They’re able to say it. It’s an insult.
Let me tell you something about Hew-mons
Submitted 1 year ago by negativenull@startrek.website to risa@startrek.website
https://i.imgflip.com/88fbwl.jpg
Comments
FlyingSquid@lemmy.world 1 year ago
Apeman42@lemmy.world 1 year ago
I read a theory once that “daimon”, the Ferengi title for captain, could translate to “good/lead merchant” or something along those lines.
So if we assume that’s true, it’s possible that “hewmon” means something like “shitty merchant”, and it’s just pure coincidence it basically sounds like human.
xantoxis@lemmy.world 1 year ago
I like this theory, it feels like one of the authentic ways that slurs in earth languages actually get invented.
ThunderclapSasquatch@startrek.website 1 year ago
Ahh yes, the Monkeigh defense. I always knew the Ferengi were really space elves!
negativenull@startrek.website 1 year ago
That’s what I figured
hessianerd@lemm.ee 1 year ago
I mean it is usually said with some distain in the voice. I had always thought it was some sort of pun or something.
joyjoy@lemm.ee 1 year ago
Human is the one word they know in Federation Standard. They go out of their way to mispronounce it.
MentalEdge@sopuli.xyz 1 year ago
My headcanon is that most of their speech is ferengi being translated by the universal translator, but when they say the word human they just use the human word for human which then goes untranslated.
bionicjoey@lemmy.ca 1 year ago
Makes sense considering we know from Darmok that the universal translator doesn’t translate proper names.
Anticorp@lemmy.world 1 year ago
Quark can say human, he’s just unwilling to do so.

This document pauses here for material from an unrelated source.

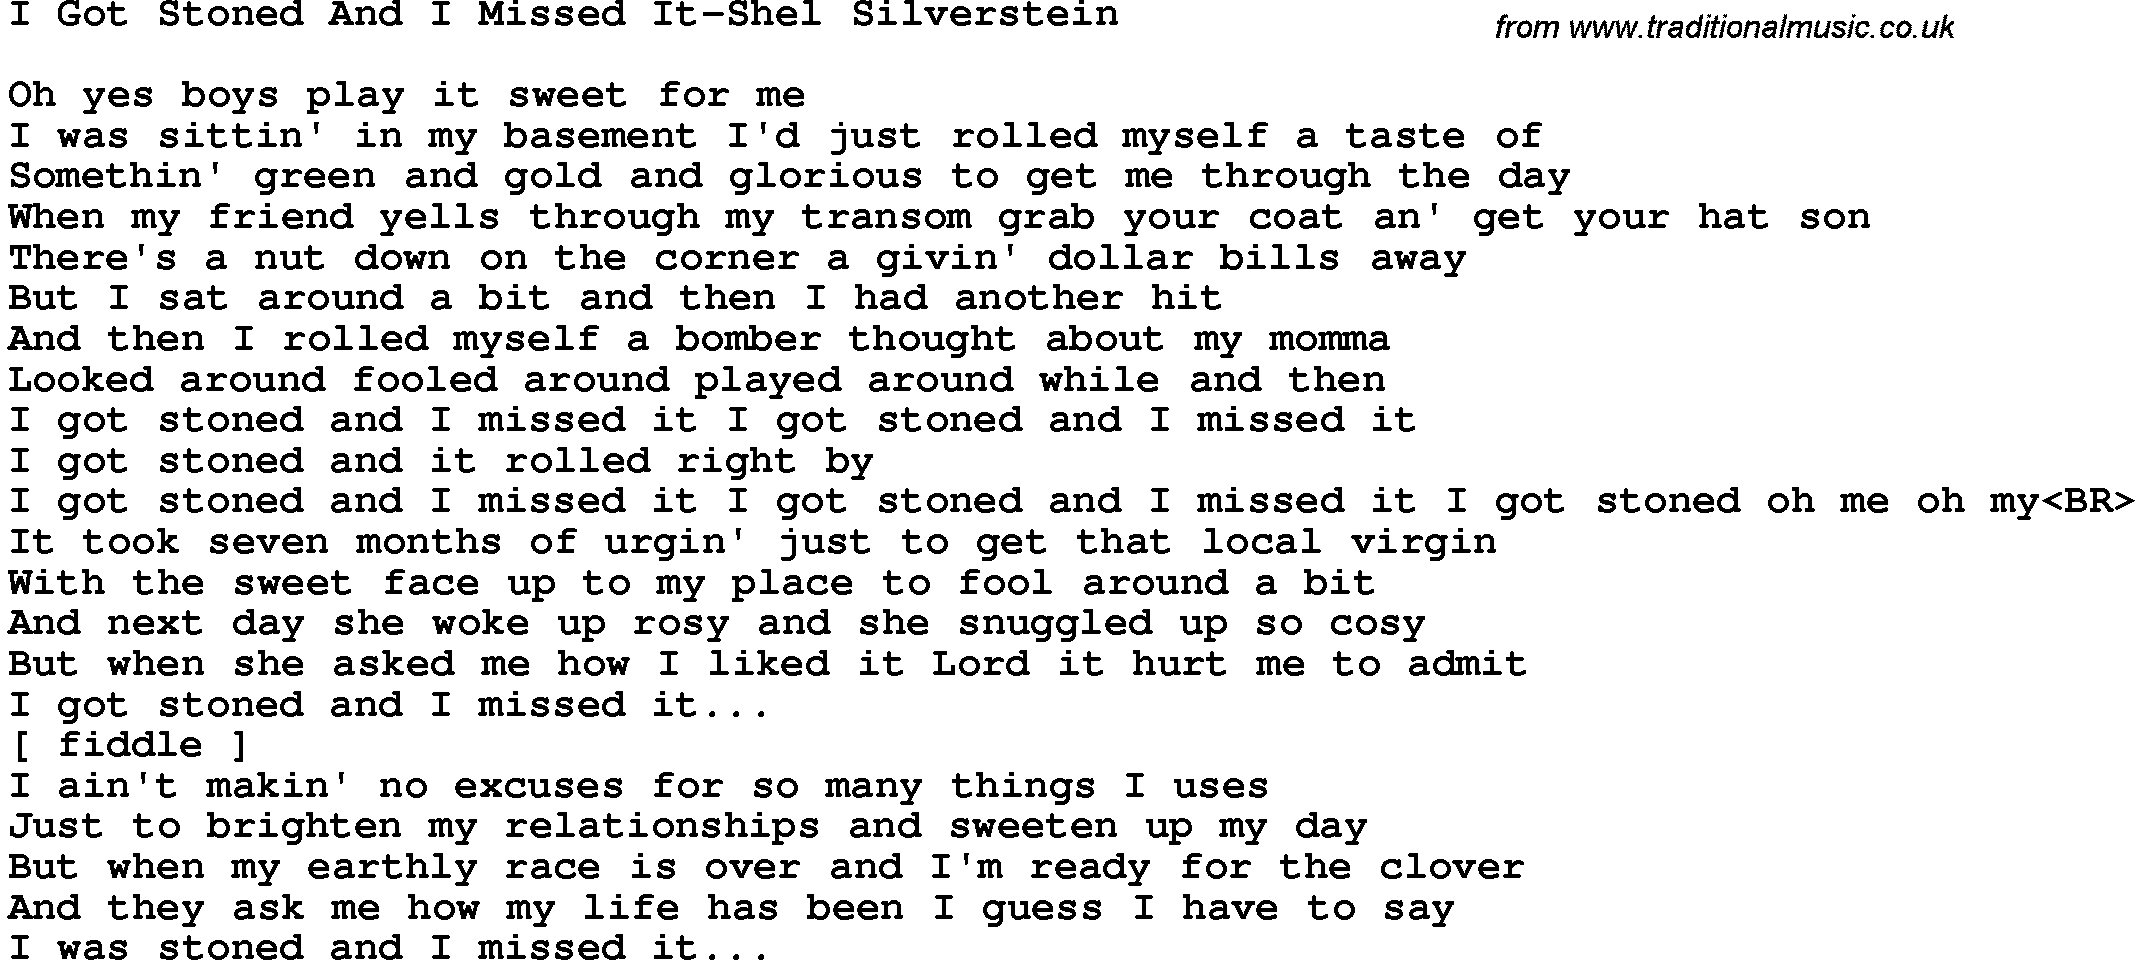 Novelty song: I Got Stoned And I Missed It-Shel Silverstein lyrics
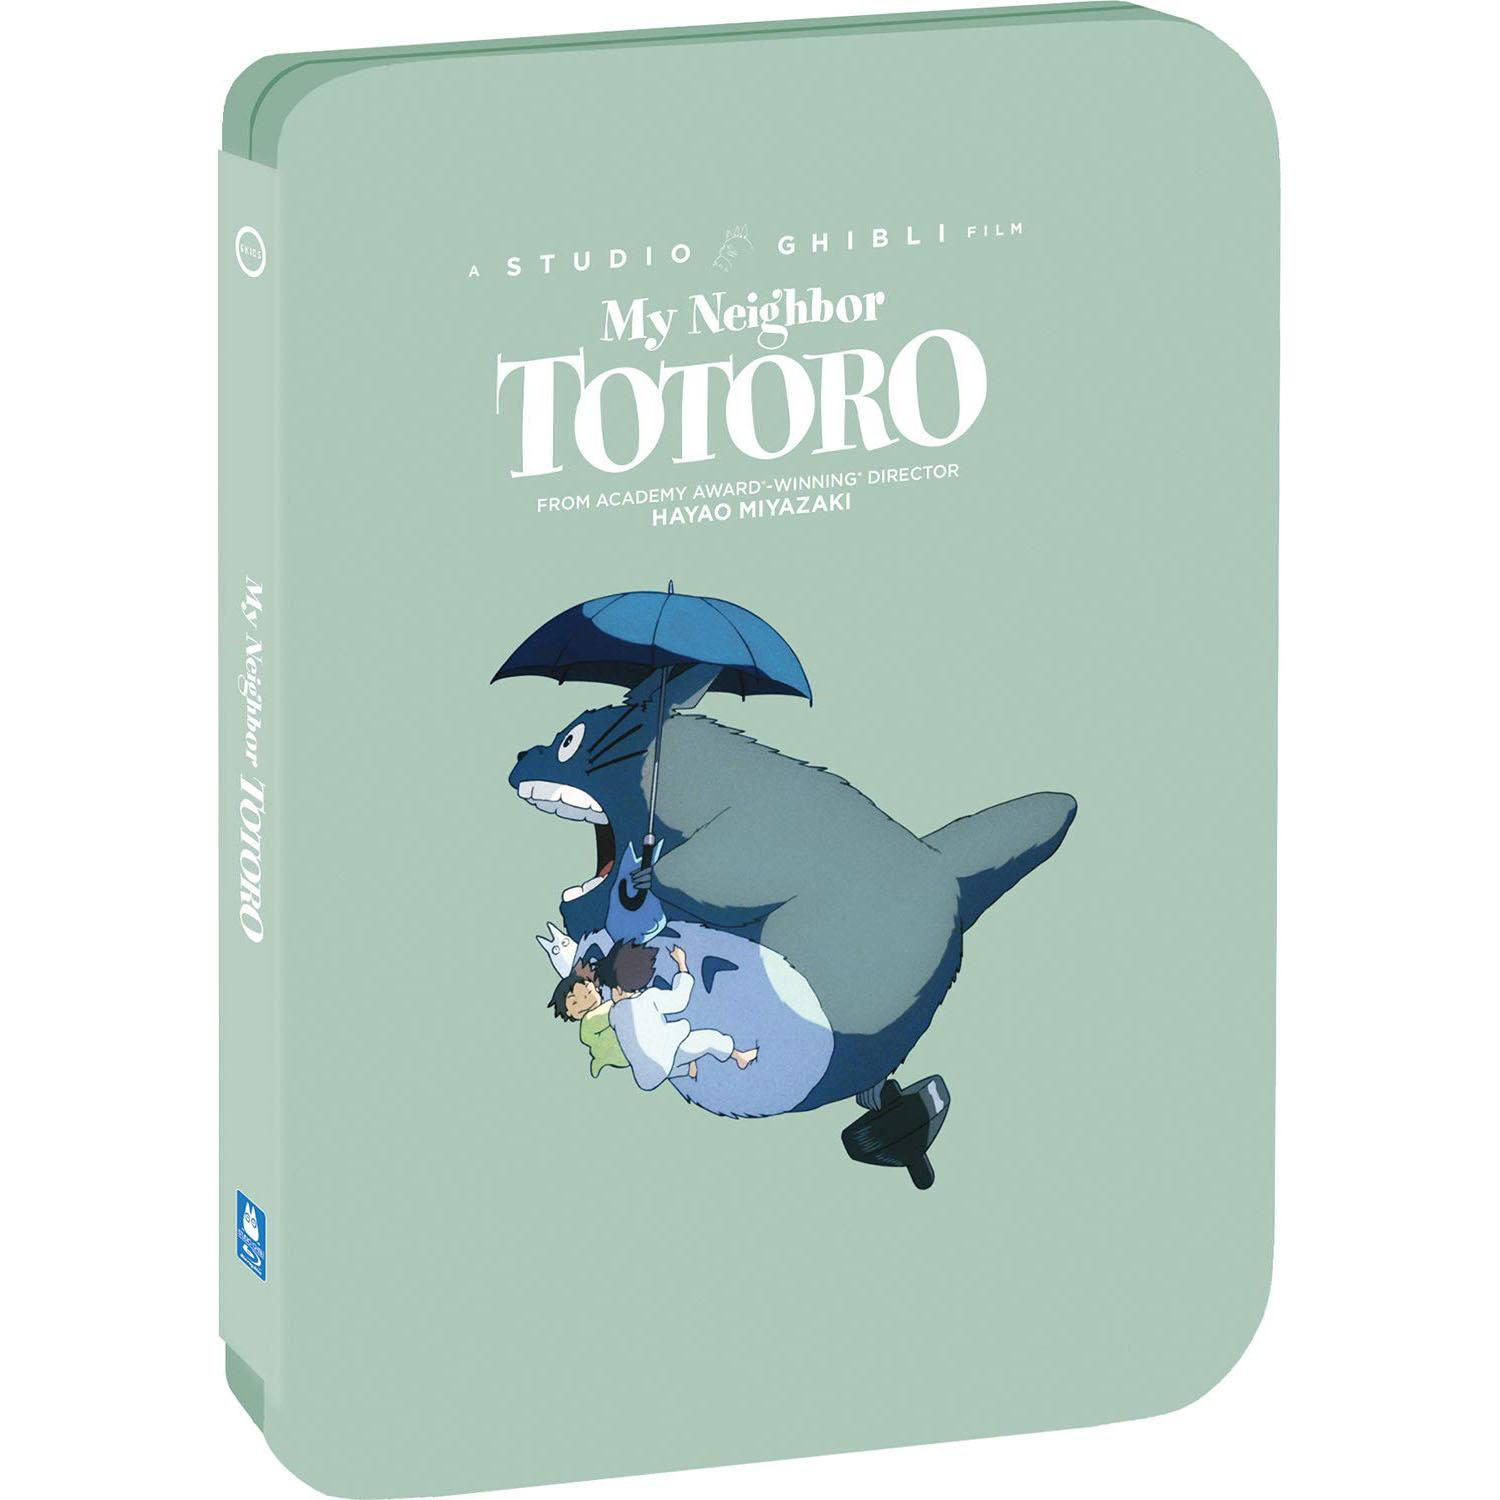 Studio Ghibli Limited Edition Blu-ray + DVD Steelbooks for $16.19

He makes it into an insult instead.
tigeruppercut@lemmy.zip 1 year ago
Still less absurd than Data’s contractions (except all the times he actually used them). Maybe it was something he was programmed to tell humans so that even being superior to them, people would still be able to point to one thing they could do better.
usernamesaredifficul@hexbear.net 1 year ago
they can they just won’t
Rom@hexbear.net 1 year ago
They have the ability to pronounce ‘human’ correctly (see: the root beer scene). They choose to mispronounce it deliberately as an intimidation tactic.
TotallyNotSpez@lemm.ee 1 year ago
It’s called having an accent.
EdibleFriend@lemmy.world 1 year ago
For one word? Everything else is fine. That’s not really how accents work.
Infynis@midwest.social 1 year ago
They can’t speak English though. In fact the scene this screenshot is from is them trapped in the past unable to communicate because their universal translators are offline. I would assume Quark speaks Federation Standard, but apparently that’s not close enough to English to figure out what they’re saying in the 50s
marcos@lemmy.world 1 year ago
I assume he made a clear point of never learning it.
I’d put larger odds on Nog and Rom eventually learning it (but not at the time of the screenshot).
psmgx@lemmy.world 1 year ago
I could see Quark learning it. He lives in the federation, and fluency is good for business. Probably a RoA to that effect.
xantoxis@lemmy.world 1 year ago
One thing I’ve always wondered, and this is hardly the most unbelievable aspect of the science fiction elements of this show but it’s one of the most pervasive and constant; why don’t we ever hear the native languages of the aliens underneath the sounds of the universal translators? Most, although not all, of them speak by vibrating the air, so where are those sounds disappearing to?
Zoboomafoo@lemmy.world 1 year ago
The translator also emits an interference pattern that cancels out the original speech to the listener
DmMacniel@feddit.de 1 year ago
This was a plotpoint in DS9 where the UT didn’t picked up the nuances of a language but the mutants who were able to comprehend the language deciphered what was really meant.
disk42@lemmy.world 1 year ago
They actually do this in Star Trek Beyond
Anticorp@lemmy.world 1 year ago
Quark would never lower himself to speaking anything human. He views humans and the Federation as inferior and foolish.
ThunderclapSasquatch@startrek.website 1 year ago
Understanding a customer as famously wily as the Federation through language would be a business advantage. We know this because it works today.